The European Association of Research Managers and Administrators (EARMA) is the continent’s representative body for those working at the “interface between research funding organisations and the scientific community”. Its members often act as a bridge between researchers and public-funding agencies, charities, companies and governments. They help scientists to bid for grants, to organize projects and collaboration networks, and to demonstrate impact.
EARMA seeks to increase awareness of the work done by research managers and administrators, and is engaged in a major project, the European-Union-funded RM Roadmap, to more clearly identify and demonstrate the worth of these professions to science. It also helps its members get to grips with the rapid technological, political and systemic changes affecting universities.
One of the most pressing challenges is artificial intelligence (AI). At EARMA’s 2023 annual conference, held in Prague in April, its managing director Nik Claesen stressed that within five years, AI could be writing better grant proposals in five minutes than delegates in the hall might manage in a year.
Nature Index spoke to Claesen about what AI might mean for research management, and how far the profession has progressed in being a recognized force for good in science.
What are the main challenges for research management and administration over the next five years?
We might be about to see a boom in research management because of how complex the research system has become, and the need for more people to deal with that complexity. At the same time, we’re seeing AI come on to the scene. The pace of change in how research is funded and conducted is going to increase, and being able to adapt to that will be crucial for research managers.
How can AI be most usefully applied to research management, at least in the short term?
Quite a lot of people are already using it in grant-proposal writing. Why spend hours refining the text if you can bring it to a point where you need to refine it less? But AI could be used in all sorts of applications. In data management, for example, it could make the connections to other research projects where data might be useful.
Are people in research management apprehensive about AI and whether it will replace jobs?
Definitely that apprehension is there. I personally see it as more of an opportunity than a big threat. If we look at grant-proposal writers for example, is AI going to be able to take on that role? In my opinion, yes, but will that change how grant proposals are written, leading to, for example, a scenario in which people who are writing proposals will use AI to write better ones? Or do we go to a completely different model where the researcher or research managers, or both, are interfacing directly with an AI from the funder, bypassing the need for a research proposal in the form of a PDF that we know today?
Does there need to be some transparency about declaring the use of AI in writing a grant proposal?
Yes. But there also needs to be a policy about whether it is allowed, encouraged or discouraged. There need to be some rules around it, which to my knowledge there aren’t, really.
In the past ten years, how far has research management come in demonstrating its importance?
There has been a big leap in recognition over that time. I think that most well-informed people understand the value and necessity of research management, so that is huge progress. Some policymakers and funders have known about its importance for 20 or 30 years, but it’s always been dependent on local circumstances. At the European or global level, I think now there’s much more visibility and awareness. People see that research managers are a tool, an enabler, a facilitator, so that researchers have time to do research.
Who is still not giving research management due recognition?
For me, the main changes that need to be made are at the governmental level, at ministries, because it is hard for their staff to understand the role of research management, given that it is such a niche activity.
In most European governments now, is there an understanding that research managers improve efficiency, or are these roles seen as ones that can go first during cutbacks?
I think that argument is ongoing. For me, cutting research management is a little counterintuitive. The tasks are still there to be done, even if you cut jobs, and then the researcher is going to have to do them, faced with ever-increasing complexity. But that is a difficult conversation to have at the political level and one that doesn’t win elections.

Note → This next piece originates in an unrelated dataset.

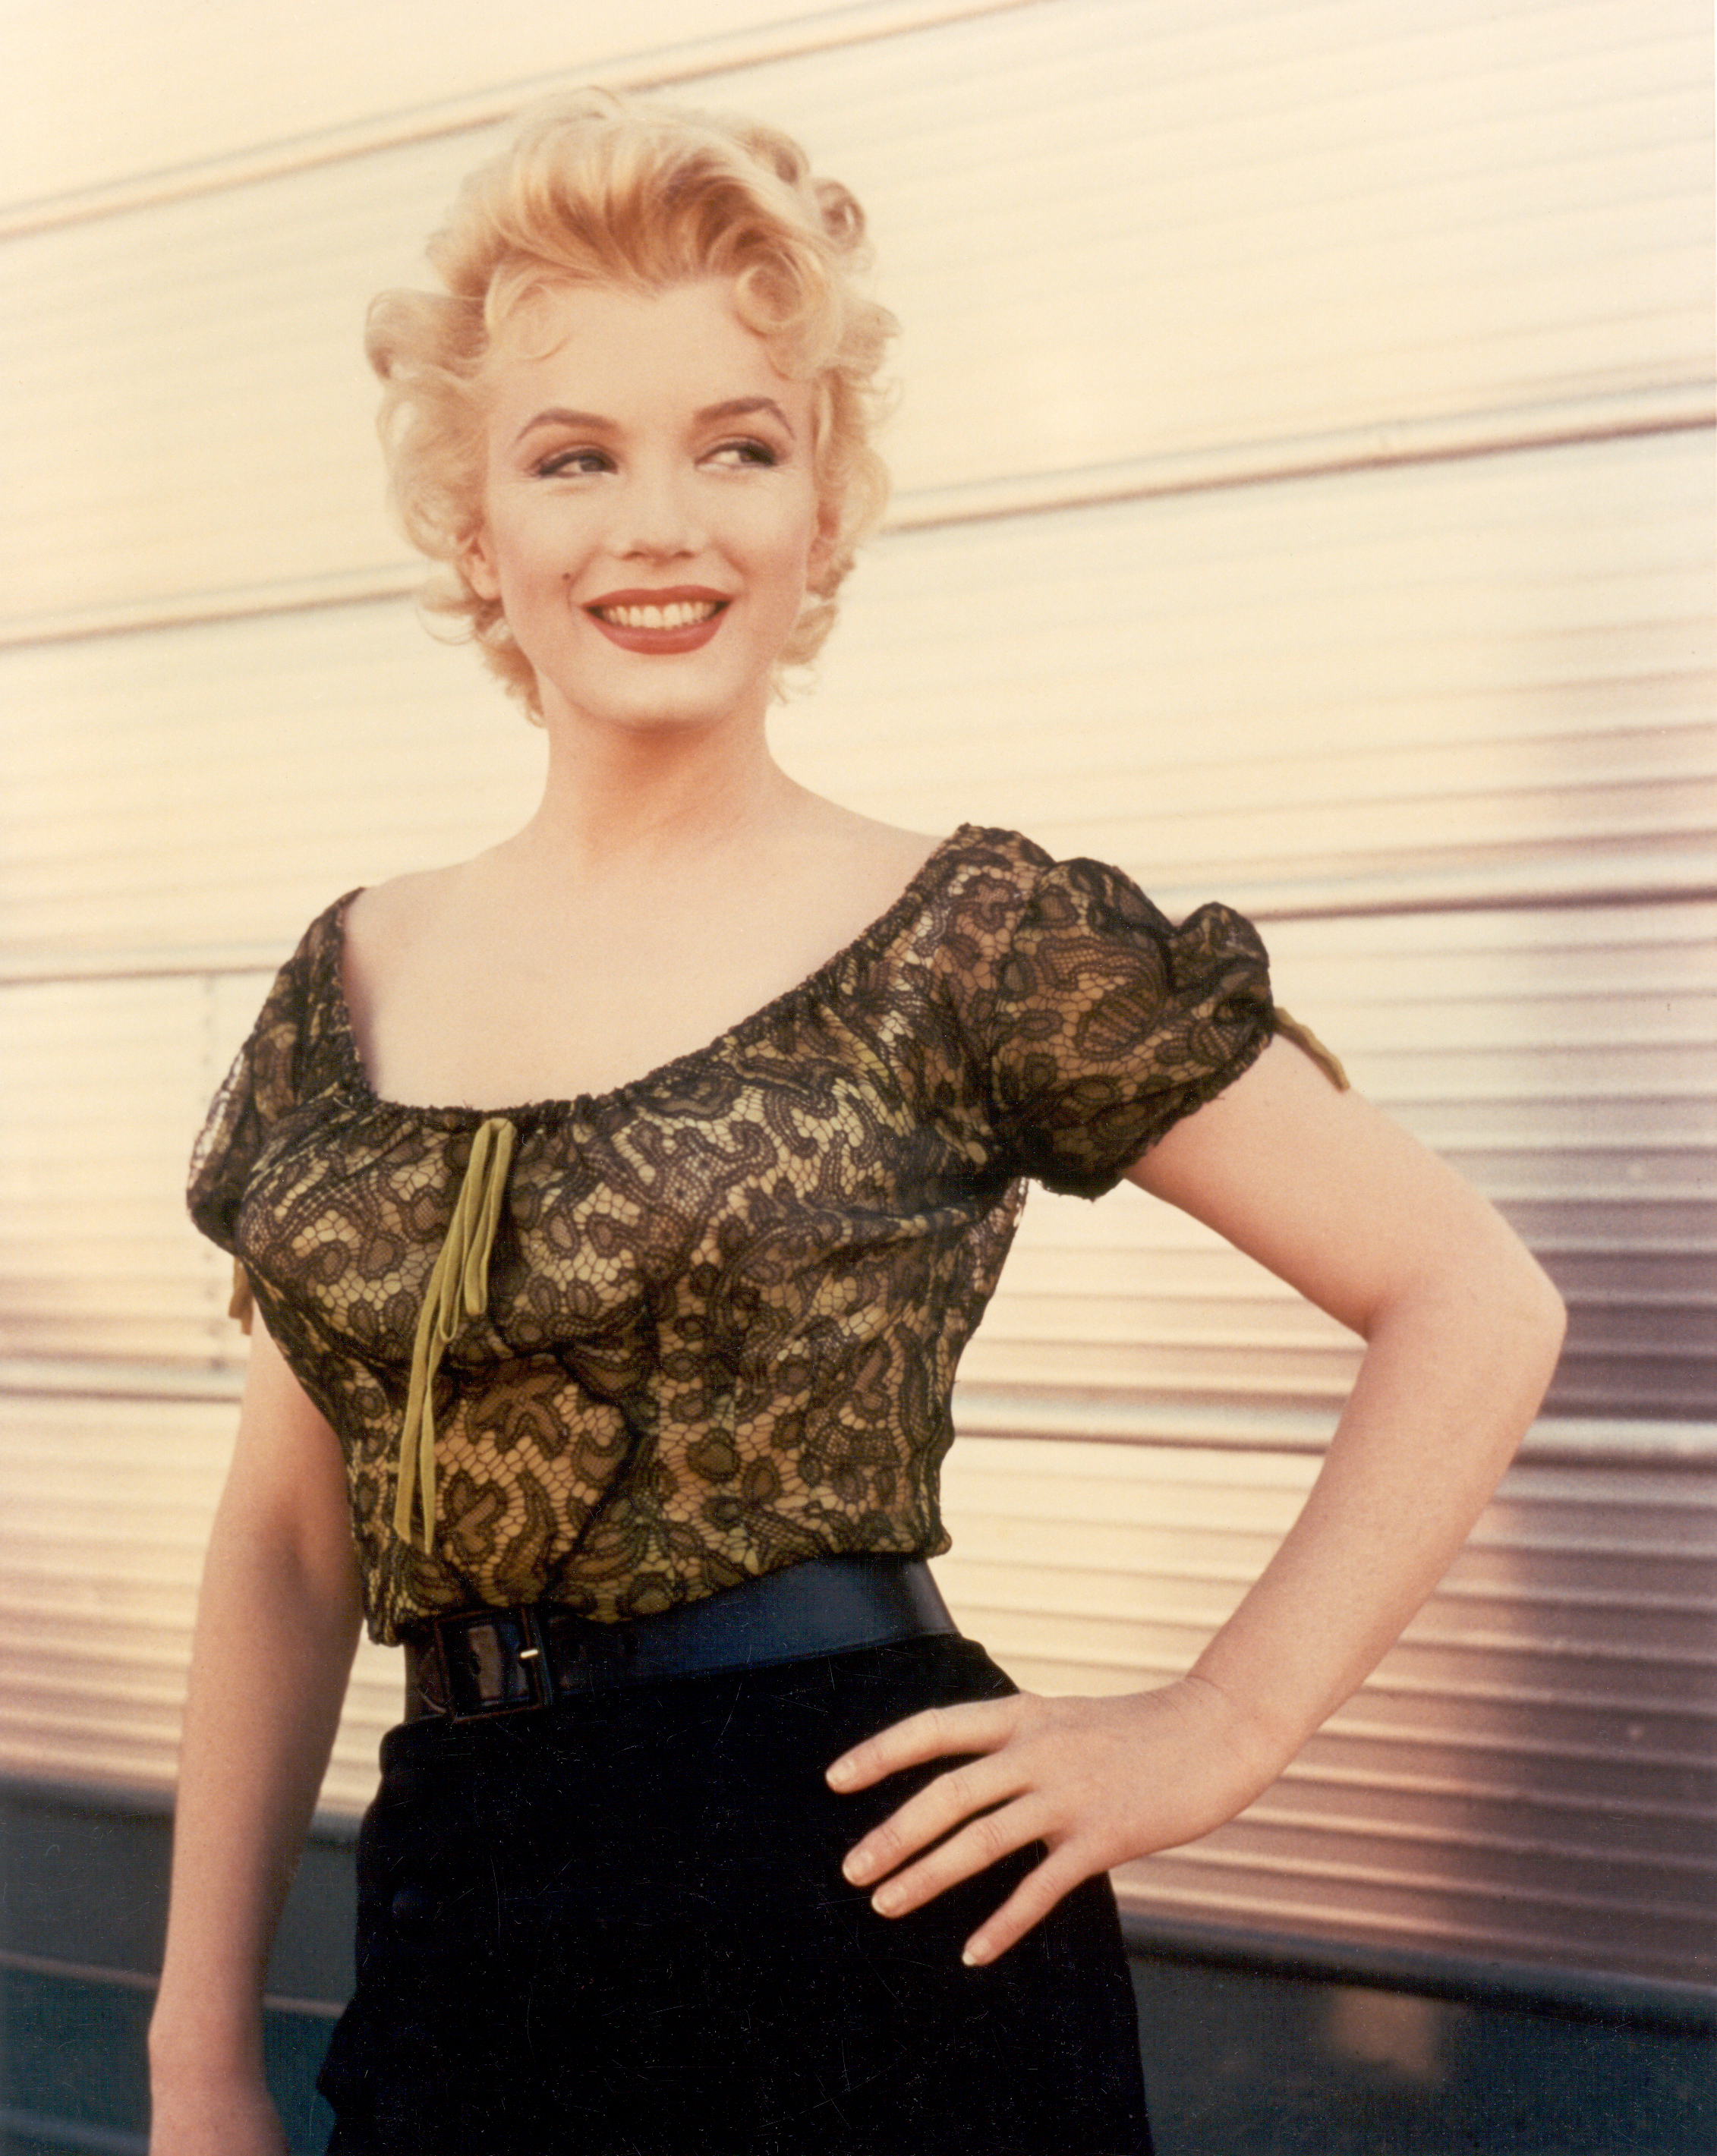 Marilyn Monroe dans une scène de "Arrêt d'autobus" en 1956 | Source : Getty Images

Are there quantitative ways of demonstrating the impact of research management?
It is very difficult to show the value added by research management. We’re trying to look at this within the RM Roadmap project. It is a nuanced, difficult, technical discussion which is tricky to translate to the wider public. We are working on it. Establishing which elements of research outcomes are the fruits of research management is the hard thing.
Is there enough development and training to help new research managers?
That is one of the key things that needs to improve. In some of the most developed systems, there is decent training, but across the board, it is far below the level it should be at. Quite a large proportion of people are dropped into the job and really don’t have an appropriate way to learn. They have to try and make it up as they go along.